Our exclusive podcast Interview Series recently welcomed Dan Adley, CEO of coatings and corrosion engineering and inspection specialist KTA-Tator, Inc. (Pittsburgh, Pennsylvania, USA) and a member of the NACE International Board of Directors.

In the episode, Adley shared business updates and considerations for the corrosion industry in 2020 while also exploring the important roles of leadership and strategic planning during these uncertain times. Tune in, and see below for a complete transcript.


[This podcast was recorded on July 24, 2020.]


[introductory comments]

Ben DuBose: Dan, welcome to the podcast. How are you?

Dan Adley: I’m doing well, Ben. Thank you for the gracious introduction.

BD: No problem. I’ll start by letting you give some background on yourself and the company for anyone who isn’t aware or not familiar. Tell our audience a little bit about yourself and also something about KTA-Tator.

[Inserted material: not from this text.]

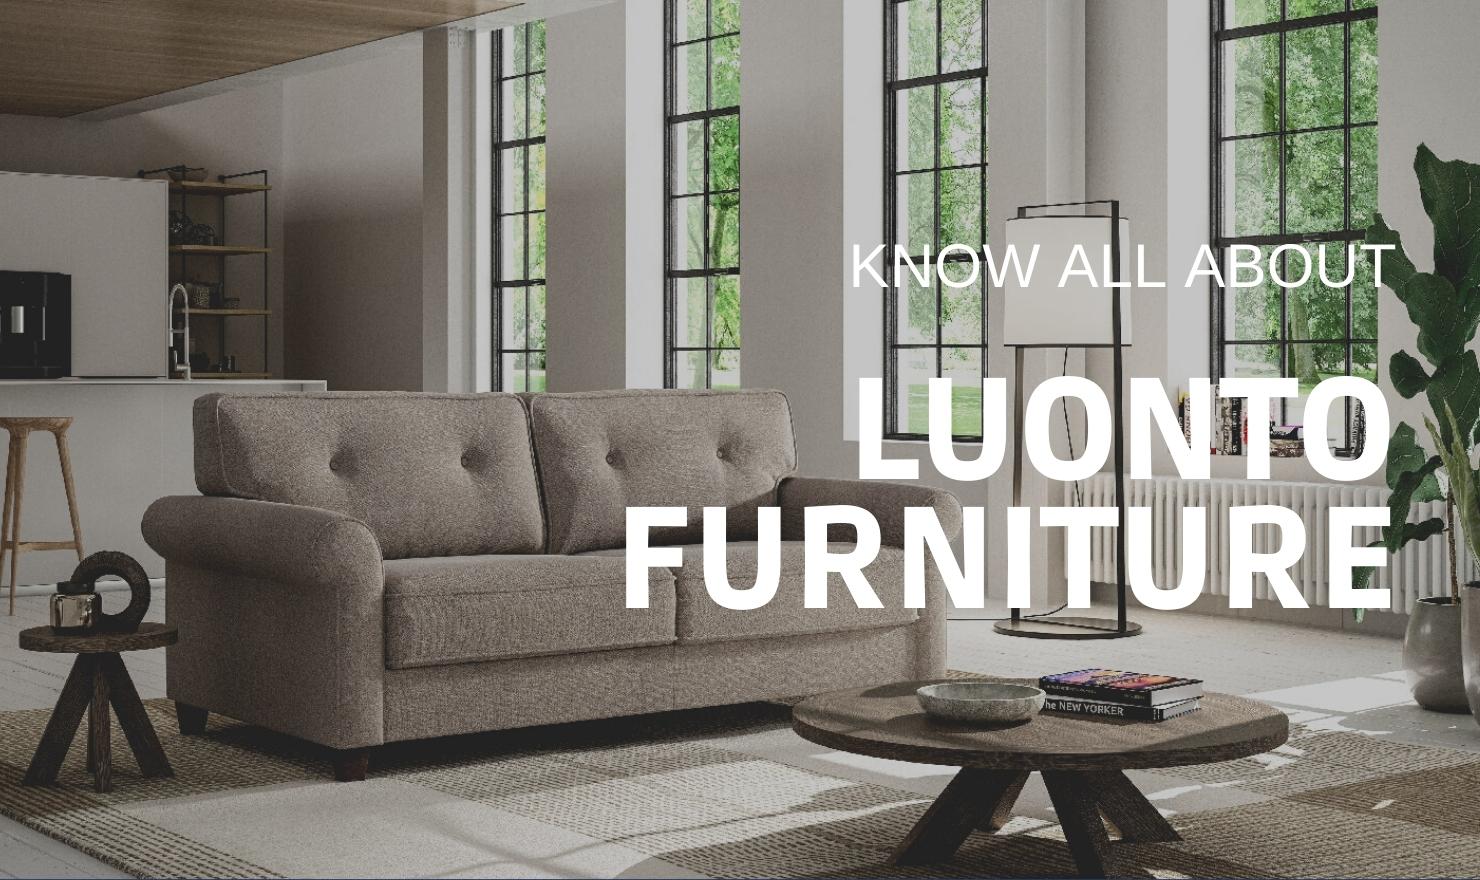 KNOW ALL ABOUT THE LUONTO FURNITURE

DA: I’ll start with KTA. In the broadest sense, we’re a consulting engineering firm. Our mission, if you will, is to use customer-driven information to drive innovation and introduce new technologies into the industry. Combined with that, we strive to have world-class service delivery. Our ultimate goal is protection of our clients’ assets and the world’s infrastructure. Operationally, we deliver on this through the largest group of NACE-certified coatings inspectors working for a third-part QA firm in the world, and we’re really proud of that.

We have a sister operation that provides steel fabrication, non-destructive examination, and concrete fabrication inspection services. We have a full range of the higher-end corrosion and materials engineering and CP-type services, which were wonderfully complemented with our acquisition of Elzly Technology Corp. last year. Those are all supported by our ISO-accredited laboratory operations that support both our forensic field investigations as well as our material testing operations. Finally, we have an ISO-accredited instrument sales and service group that sells, services, maintains, and calibrates instrumentation, and of the instrumentation required in the corrosion protection industry. It’s a really diverse but complementary set of products and services. The key thing that links them all together is asset protection or integrity-type services.

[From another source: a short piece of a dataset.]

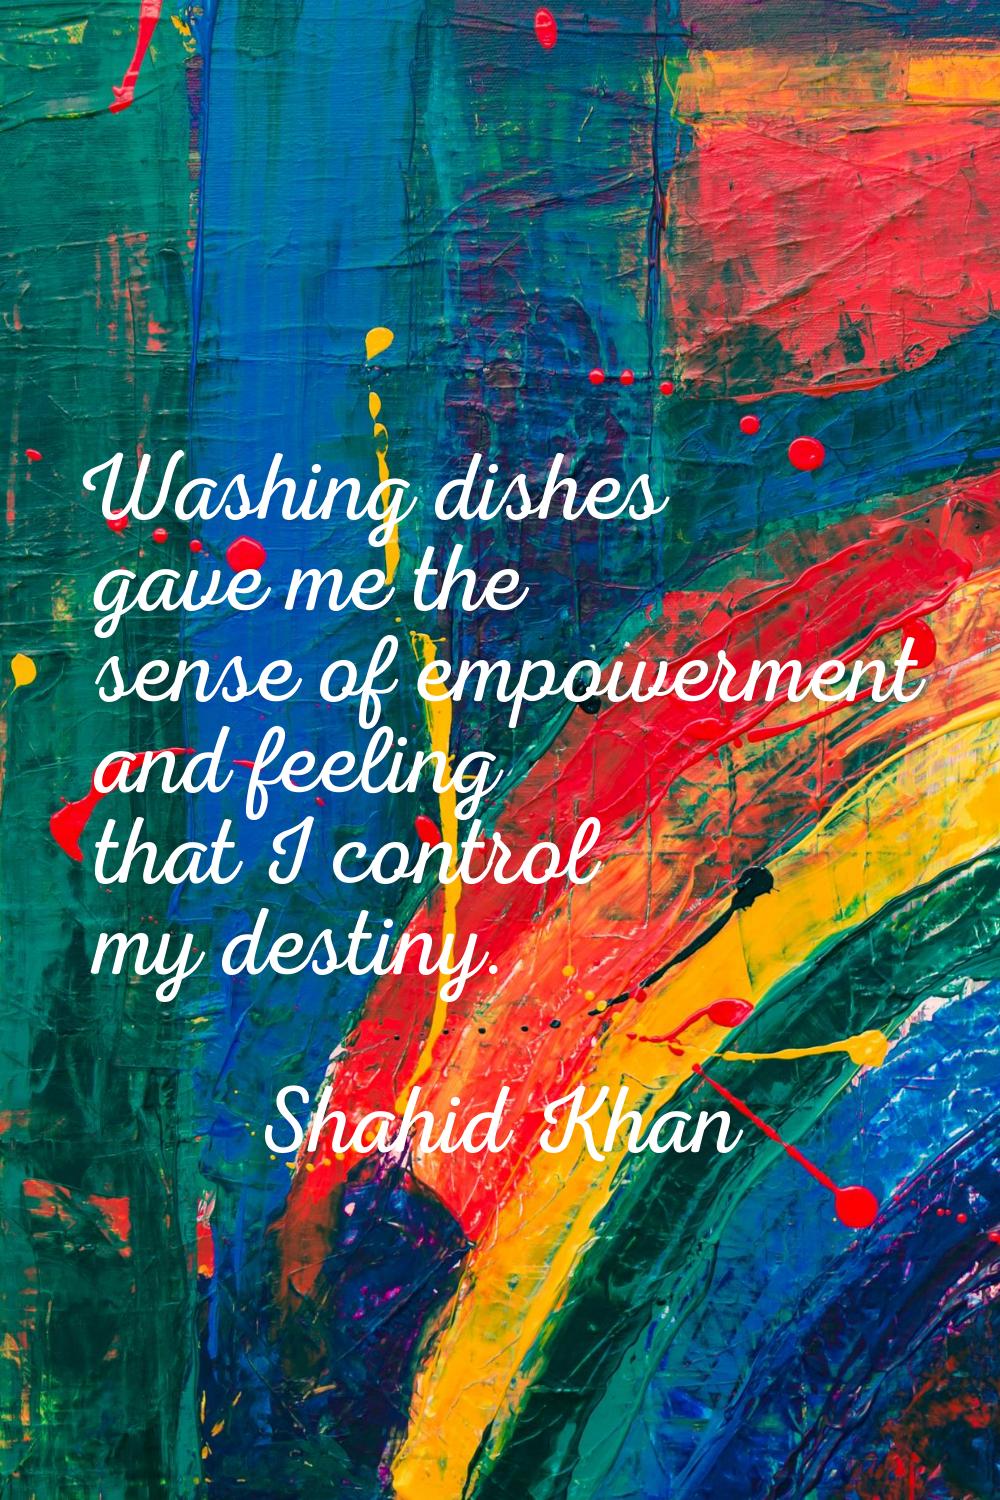 Washing dishes gave me the sense of empowerment and feeling that I control my destiny.

Personally, I’ve been in the business world, at least, for 40+ years. Undergraduate degree in chemistry, master’s degree in occupational health, and diverse experience in insurance, risk management, consulting engineering, design engineering. For the last 25 years I’ve been working with KTA in various capacities and became the CEO in 2012, shortly after we became employee owned. That’s a bit about the company and myself.

 

BD: What draws you to the leadership positions that you hold? Not just within KTA, but you're also active within NACE, our boards here. Certainly, you've been effective in your role for KTA, but you've taken on some responsibilities in the broader industry as well. Clearly, it’s something that you have a lot of interest and skill in. If you could, just explain what’s drawn you to leadership and what you try to do, the responsibility to help steer the corrosion control industry.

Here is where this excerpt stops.